The human epithelial cell line HeLa (ATTC CCL-2) was grown in Dulbecco's modified Eagle's medium (DMEM) with 4.5 g of glucose per liter and 2 mM glutamine (catalog no. 11995-065; Invitrogen), supplemented with 10% fetal bovine serum (FBS). Cell growth, cell stimulation, and bacterial infections were performed at 37°C under 5% CO2.

siRNAs.

The sequences of short interfering RNAs (siRNAs) used to target the human genes in the host type IA PI 3-kinase pathway are listed in Table S1 in the supplemental material. These siRNAs were designed by, and purchased from, Ambion or Sigma-Aldrich. As negative controls, two “nontargeting” siRNAs were used. These control siRNAs (nontargeting control 1 [catalog no. D-001210-01; Dharmacon] or nontargeting control 2 [catalog no. SIC001; Sigma-Aldrich]) contain two or more mismatches with all sequences in the human genome.
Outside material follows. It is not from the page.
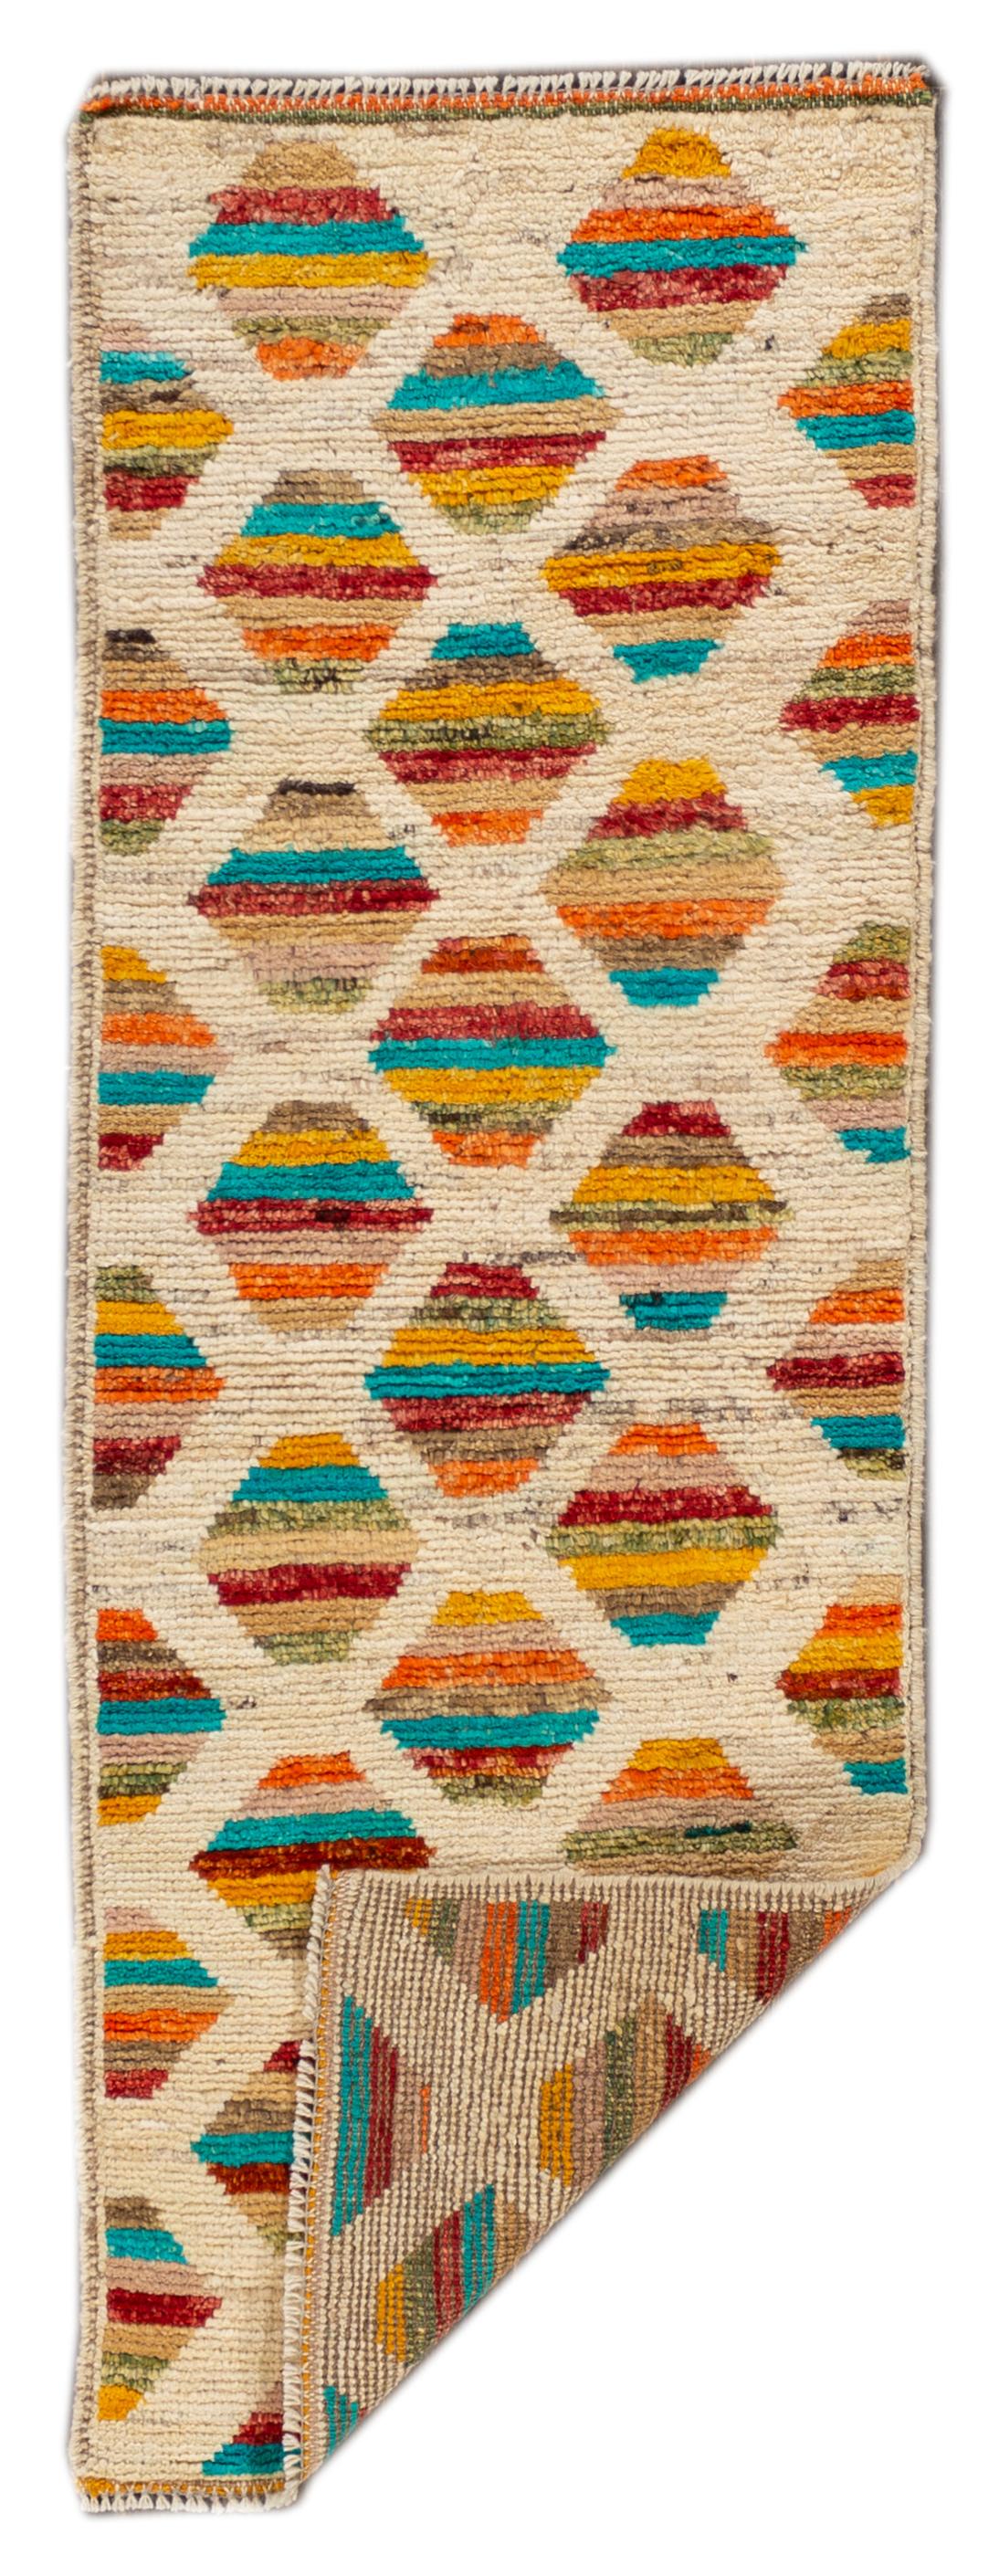 Beautiful contemporary Gabbeh style runner rug with an ivory field, multi-color accents in an all-over geometric pattern, circa 2018.
This rug measures 1' 9

Another control siRNA was directed against the nuclear gene encoding lamin A/C (5′-CUGAGAGCCGCAGCAGCUUtt-3′ [lowercase letters indicate nucleotide overhangs]).

Antibodies, inhibitors, and other reagents.

The polyclonal antibodies used were anti-mTor (catalog no. 2972; Cell Signaling), anti-phospholipase C-γ1 (catalog no. sc-81; Santa Cruz Biotechnology), anti-Rab5c (product no. HPA003426; Sigma-Aldrich), and anti-SWAP70 (catalog no. sc-81991; Santa Cruz Biotechnology). The monoclonal antibodies used were anti-GIT1 (catalog no. 611396; BD Biosciences), anti-PDK1 (catalog no. 611070; BD Biosciences), anti-PSCD2 (anti-ARNO) (clone 6H5; product no. WH0009266M2; Sigma-Aldrich), and anti-α-tubulin (catalog no. T5168; Sigma-Aldrich). Horseradish peroxidase (HRPO)-conjugated secondary antibodies were from Jackson Immunolabs.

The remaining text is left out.